Title: | Calculate similarity of clusters from different single cell samples using foldchanges |
---|---|
Description: | This package calculates a similarity coefficient using the fold changes of shared features (e.g. genes) among clusters of different samples/batches/datasets. The similarity coefficient is calculated using the dot-product (Hadamard product) of every pairwise combination of Fold Changes between a source cluster i of sample/dataset n and all the target clusters j in sample/dataset m |
Authors: | Oscar Gonzalez-Velasco [cre, aut] |
Maintainer: | Oscar Gonzalez-Velasco <[email protected]> |
License: | Artistic-2.0 |
Version: | 1.3.0 |
Built: | 2024-12-19 03:29:29 UTC |
Source: | https://github.com/bioc/ClusterFoldSimilarity |
'clusterFoldSimilarity()' returns a dataframe containing the best top similarities between all possible pairs of single cell samples.
clusterFoldSimilarity( scList = NULL, sampleNames = NULL, topN = 1, topNFeatures = 1, nSubsampling = 15, parallel = FALSE )

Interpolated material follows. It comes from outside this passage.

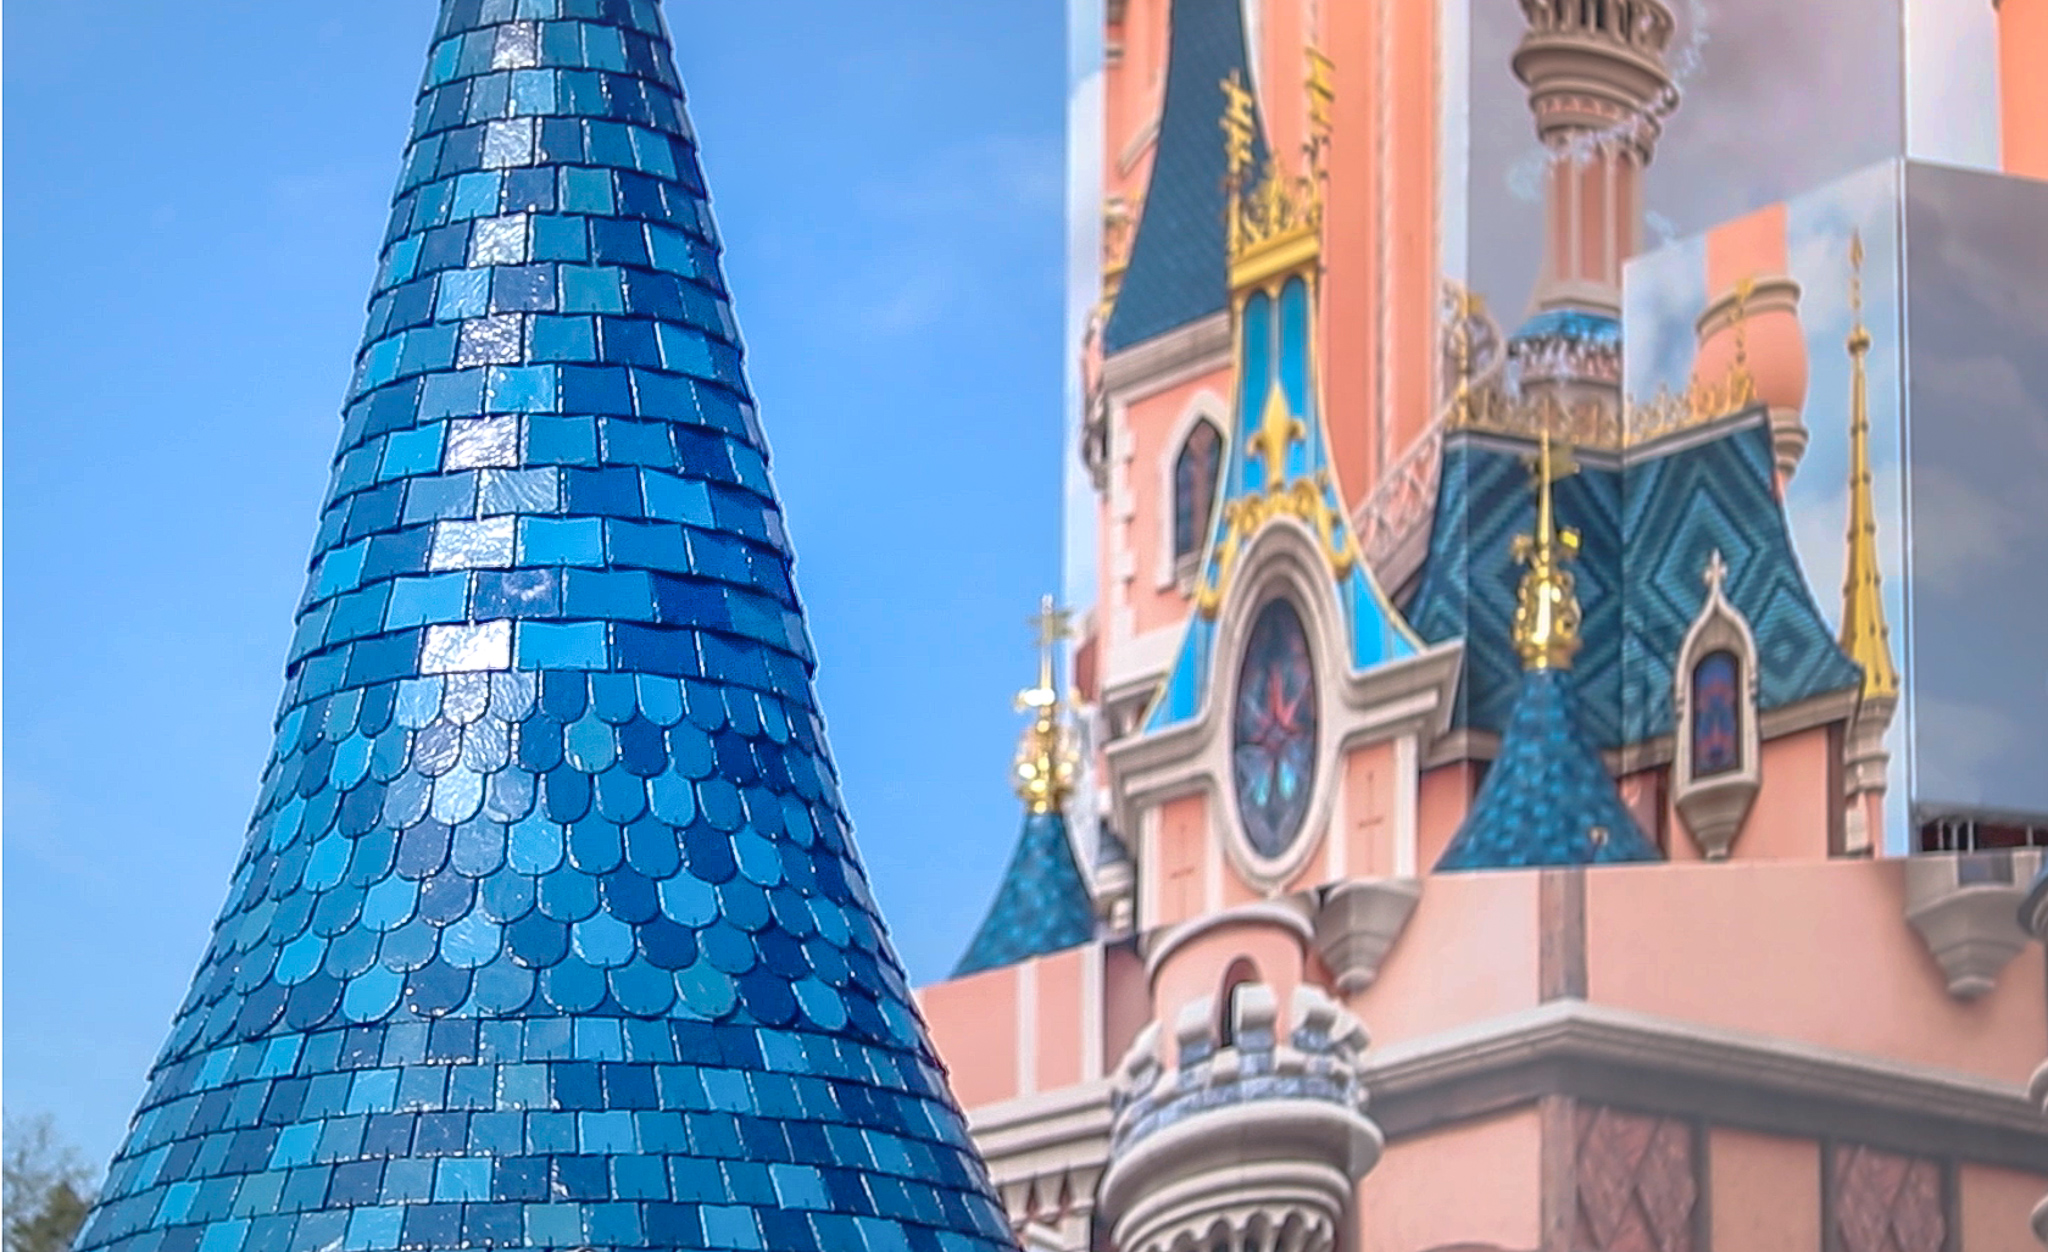 #partofmyCASTle — Ca y est, les messages des Cast Members de Disneyland Paris sont dans une des tours du Château

clusterFoldSimilarity( scList = NULL, sampleNames = NULL, topN = 1, topNFeatures = 1, nSubsampling = 15, parallel = FALSE )
scList |
List. A list of Single Cell Experiments or Seurat objects. At least 2 are needed. The objects are expected to have cluster or label groups set as identity class. |
sampleNames |
Character Vector. Specify the sample names, if not a number corresponding with its position on (scList). |
topN |
Numeric. Specifies the number of target clusters with best similarity to report for each cluster comparison (default 1). If set to Inf, then all similarity values from all possible pairs of clusters are returned. |
topNFeatures |
Numeric. Number of top features that explains the clusters similarity to report for each cluster comparison (default 1). If topN = Inf then topNFeatures is automatically set to 1. |
nSubsampling |
Numeric. Number of random sampling of cells to achieve fold change stability (default 15). |
parallel |
Boolean. Whether to use parallel computing using BiocParallel or not (default FALSE). |
This function will calculate a similarity coeficient using the fold changes of shared features (e.g.:genes for a single-cell RNA-Seq, peaks for ATAC-Seq) among clusters, or user-defined-groups, from different samples/batches. The similarity coeficient is calculated using the dotproduct of every pairwise combination of Fold Changes between a source cluster/group i from sample n and all the target clusters/groups in sample j.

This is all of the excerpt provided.